In an experiment, the speed of sound waves on Earth at sea level at a temperature of 21 degrees Celsius is 333 meters per second. Find the percent relative error in the measurement using an accepted value of 344 meters per second. Give your answer to one decimal place.

So, in this scenario, we’re talking about making a measurement of the speed of sound waves where, under certain conditions, at sea level and at a particular temperature, we measure a sound wave speed of 333 meters per second. We can call that measured speed 𝑠 sub m. And we’re to compare it to an accepted speed of sound, we’ll call that 𝑠 sub a, of 344 meters per second at the same elevation and temperature. Knowing these values, we want to calculate the percent relative error in our measurement. To help us figure this out, we can recall the equation for the percent relative error of a measured value. It’s equal to the magnitude of the accepted value minus the measured value all divided by the accepted value and then multiplied by 100 percent.
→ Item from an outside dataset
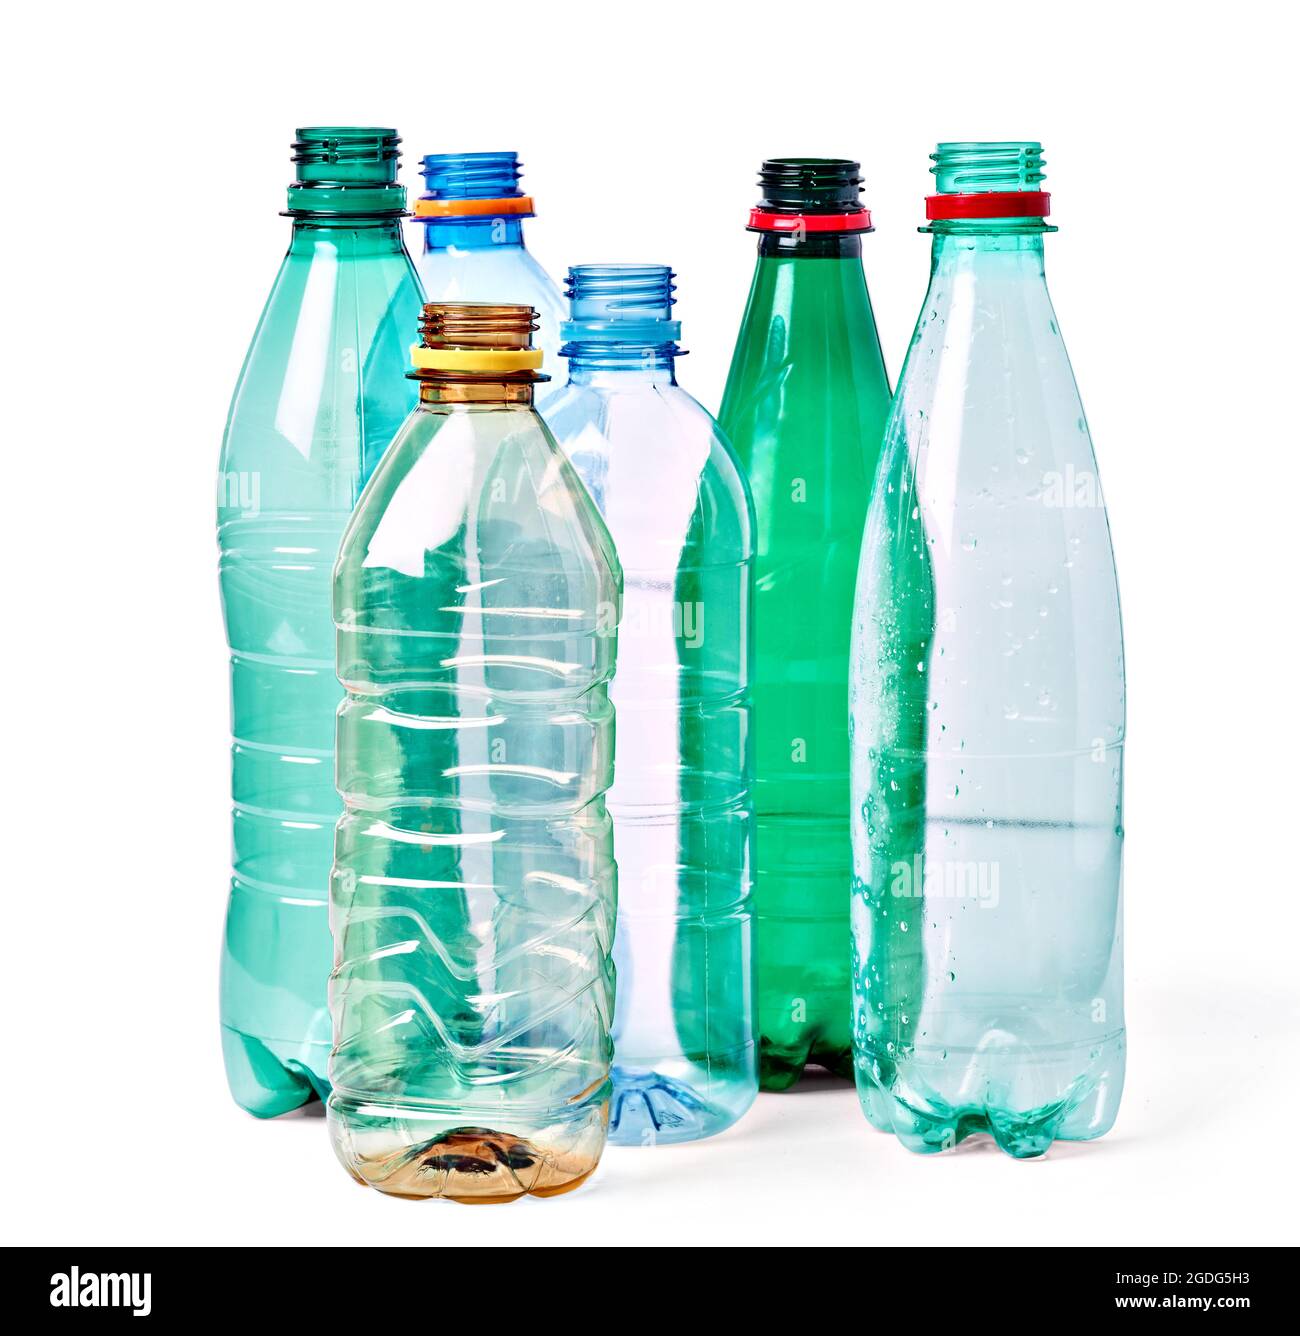 La botella de plástico: de recipiente milagroso a residuo odiado

We can apply this relationship to our scenario by substituting 𝑠 sub a for the accepted value and 𝑠 sub m for the measured value. And that gives us this expression. And when we subtract 333 meters per second from 344, we get a value in our numerator of 11 meters per second. Notice now that these units, meters per second, cancel out. And when we calculate 11 divided by 344 multiplied by 100 percent to one decimal place, we get a result of 3.2 percent. This is the percent relative error in our measurement.